• **WORK TASK**: Your output should be exactly the lines from the one containing "This scene complements" through the last line of the listing, and nothing else. Pictures stay out.
#### RAW DATA ####
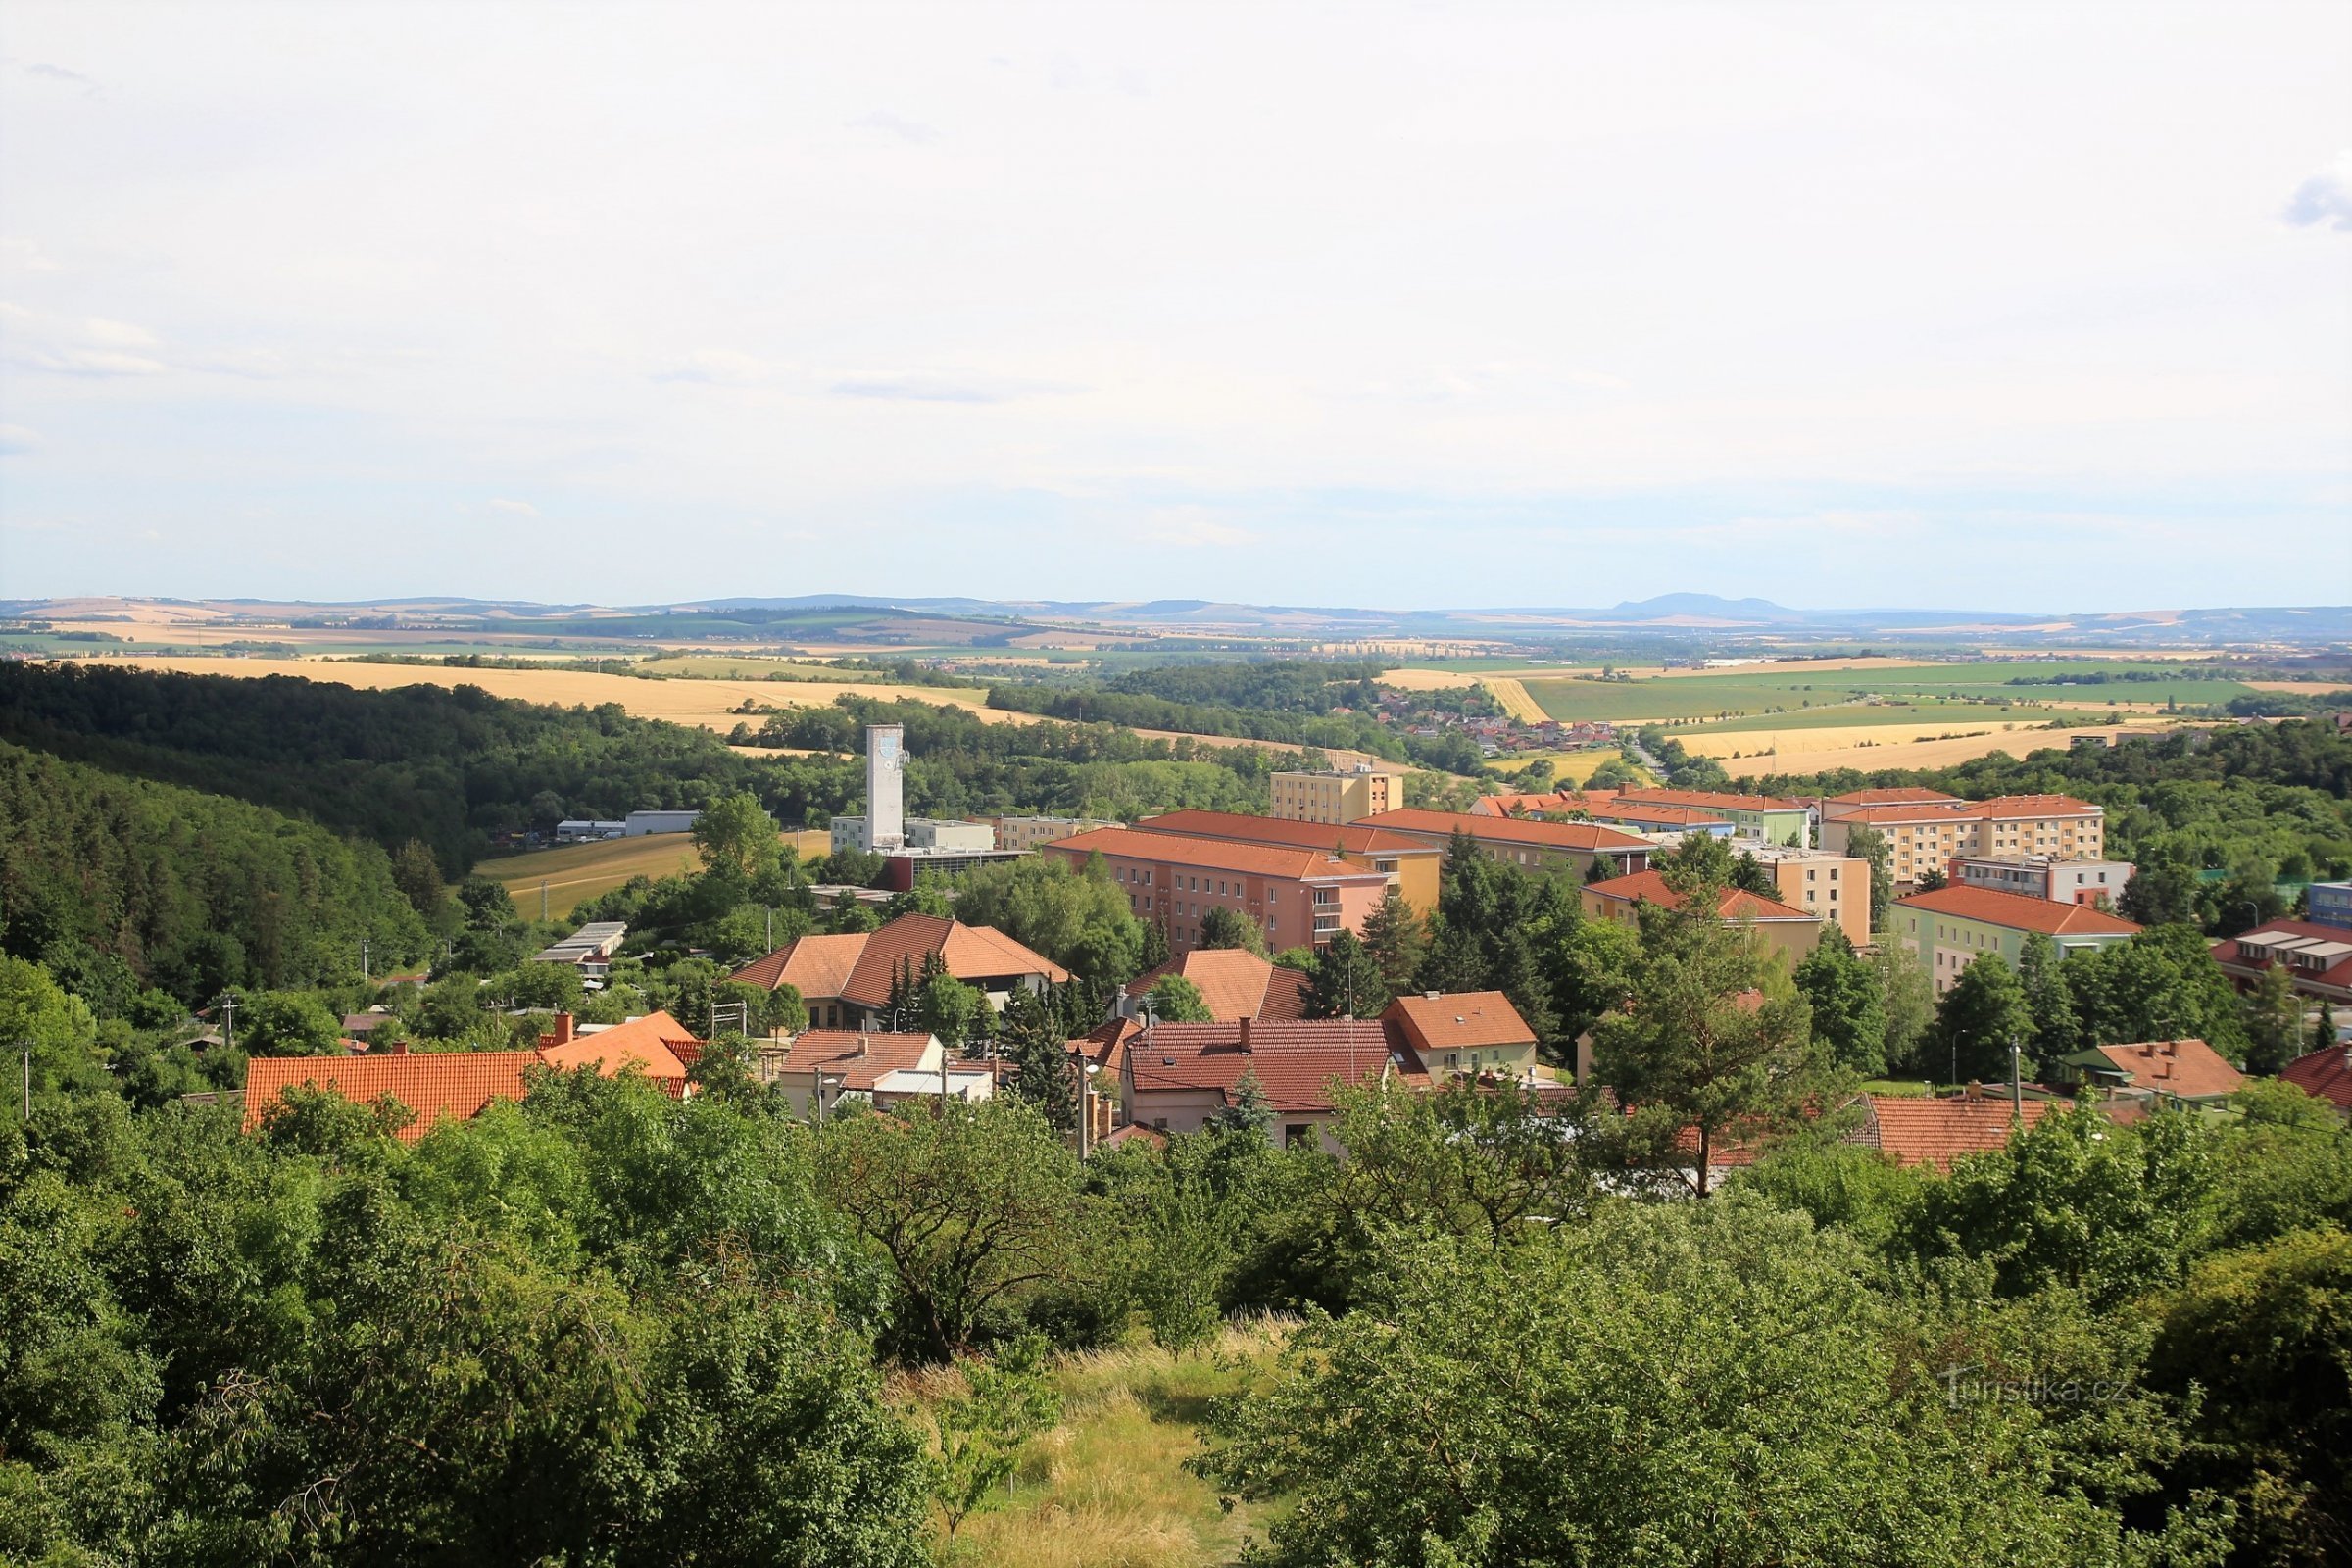 The most interesting views from the observation tower are towards the south towards the fertile South Moravian plains
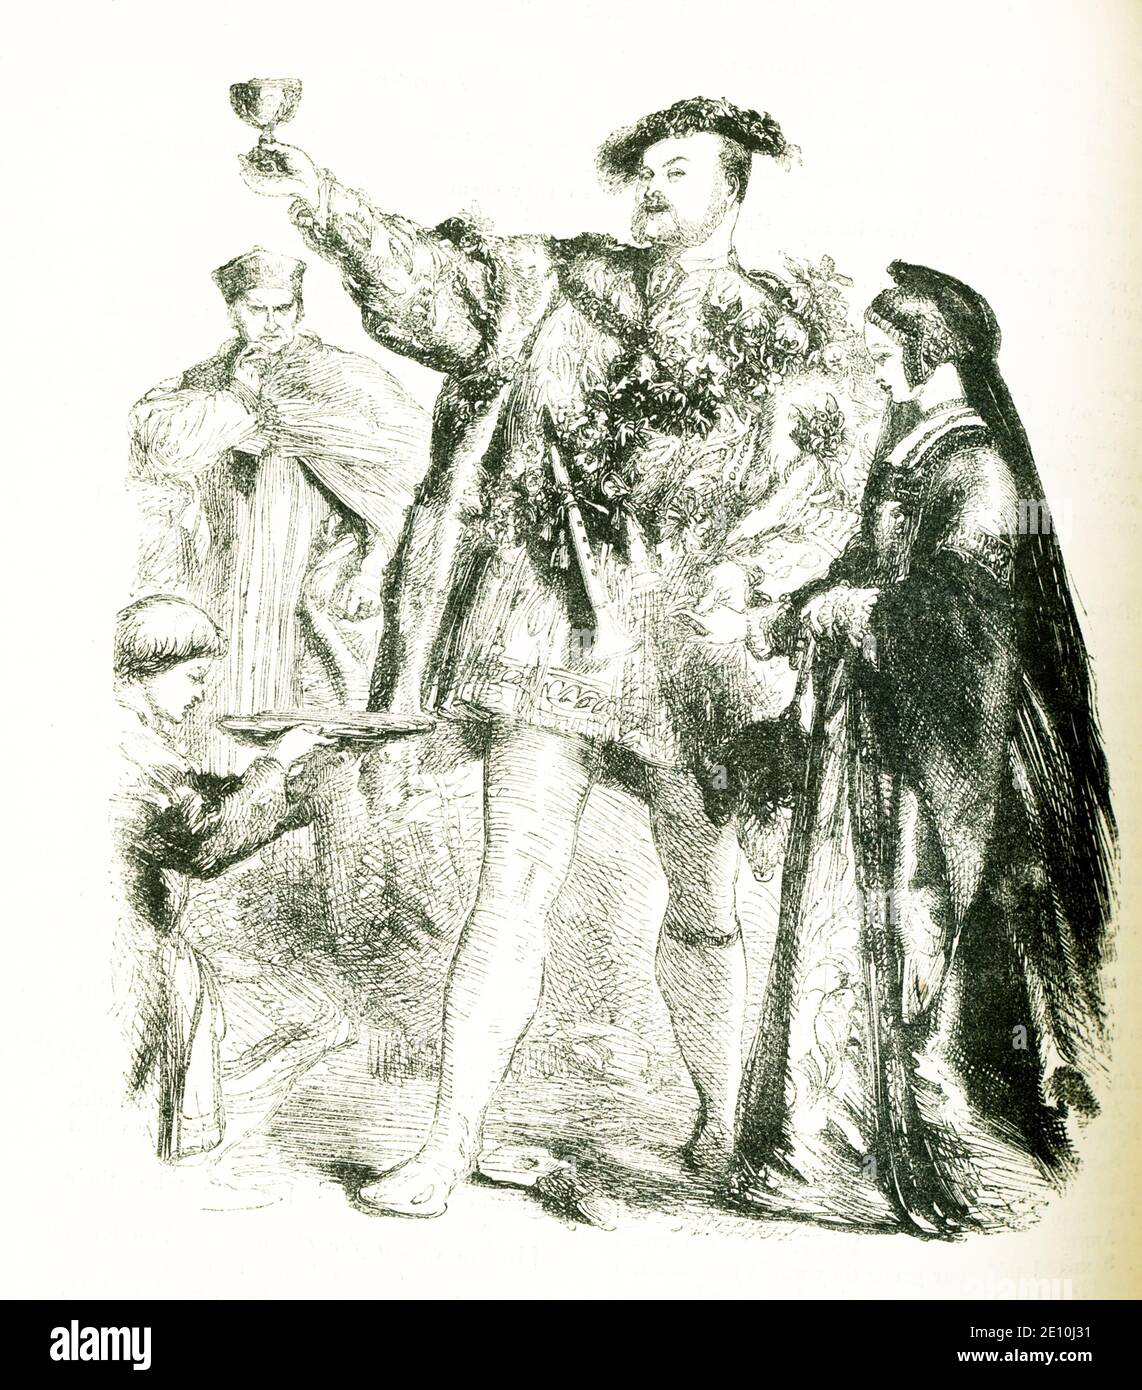 This scene complements William Shakespeare's tragedy titled Henry VIII. It illustrates lines in Act I Scene IV.  Shown here are Henry VIII, Anne Boleyn, and Cardinal Wolsey. The illustration is by Sir John Gilbert (1817-1897), renowned for his prolific illustration of Shakespeare's works. Shakespeare was born in 1564 and died in1616. The book dates to 1887. Stock Photo
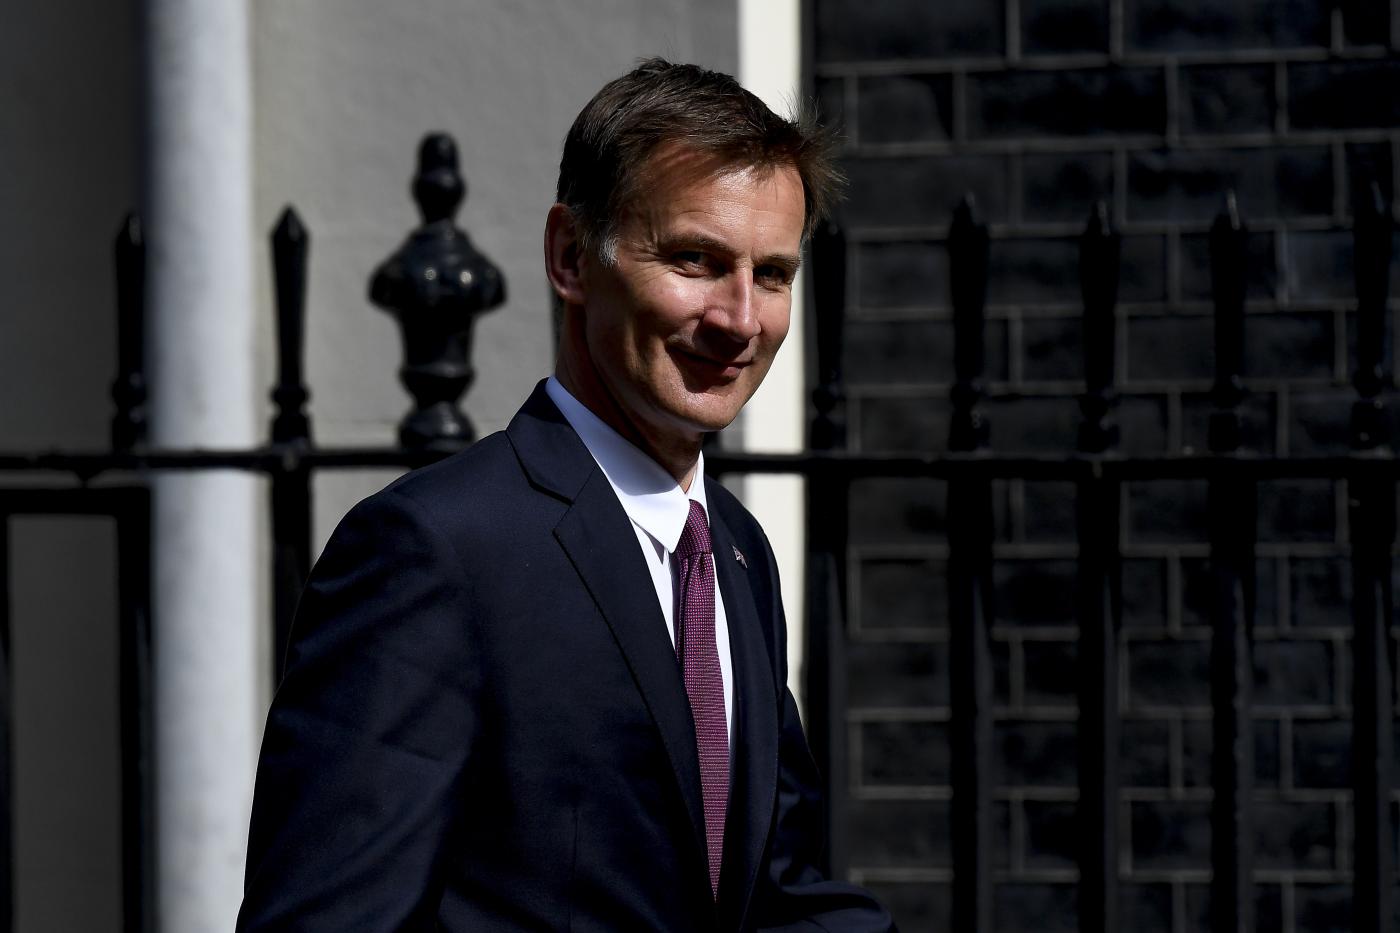 LONDON, June 20, 2019 (Xinhua) -- File photo taken on June 18, 2019 shows British Foreign Secretary Jeremy Hunt arriving at 10 Downing Street to attend a cabinet meeting in London, Britain. Former Foreign Secretary Boris Johnson and his successor as foreign secretary Jeremy Hunt emerged on June 20, 2019 as the two politicians in the final battle to become the UK's next Prime Minister. (Xinhua/IANS) by Alberto Pezzali.
####
• **RESPONSE BELOW**:
 This scene complements William Shakespeare's tragedy titled Henry VIII. It illustrates lines in Act I Scene IV.  Shown here are Henry VIII, Anne Boleyn, and Cardinal Wolsey. The illustration is by Sir John Gilbert (1817-1897), renowned for his prolific illustration of Shakespeare's works. Shakespeare was born in 1564 and died in1616. The book dates to 1887. Stock Photo
 LONDON, June 20, 2019 (Xinhua) -- File photo taken on June 18, 2019 shows British Foreign Secretary Jeremy Hunt arriving at 10 Downing Street to attend a cabinet meeting in London, Britain. Former Foreign Secretary Boris Johnson and his successor as foreign secretary Jeremy Hunt emerged on June 20, 2019 as the two politicians in the final battle to become the UK's next Prime Minister. (Xinhua/IANS) by Alberto Pezzali.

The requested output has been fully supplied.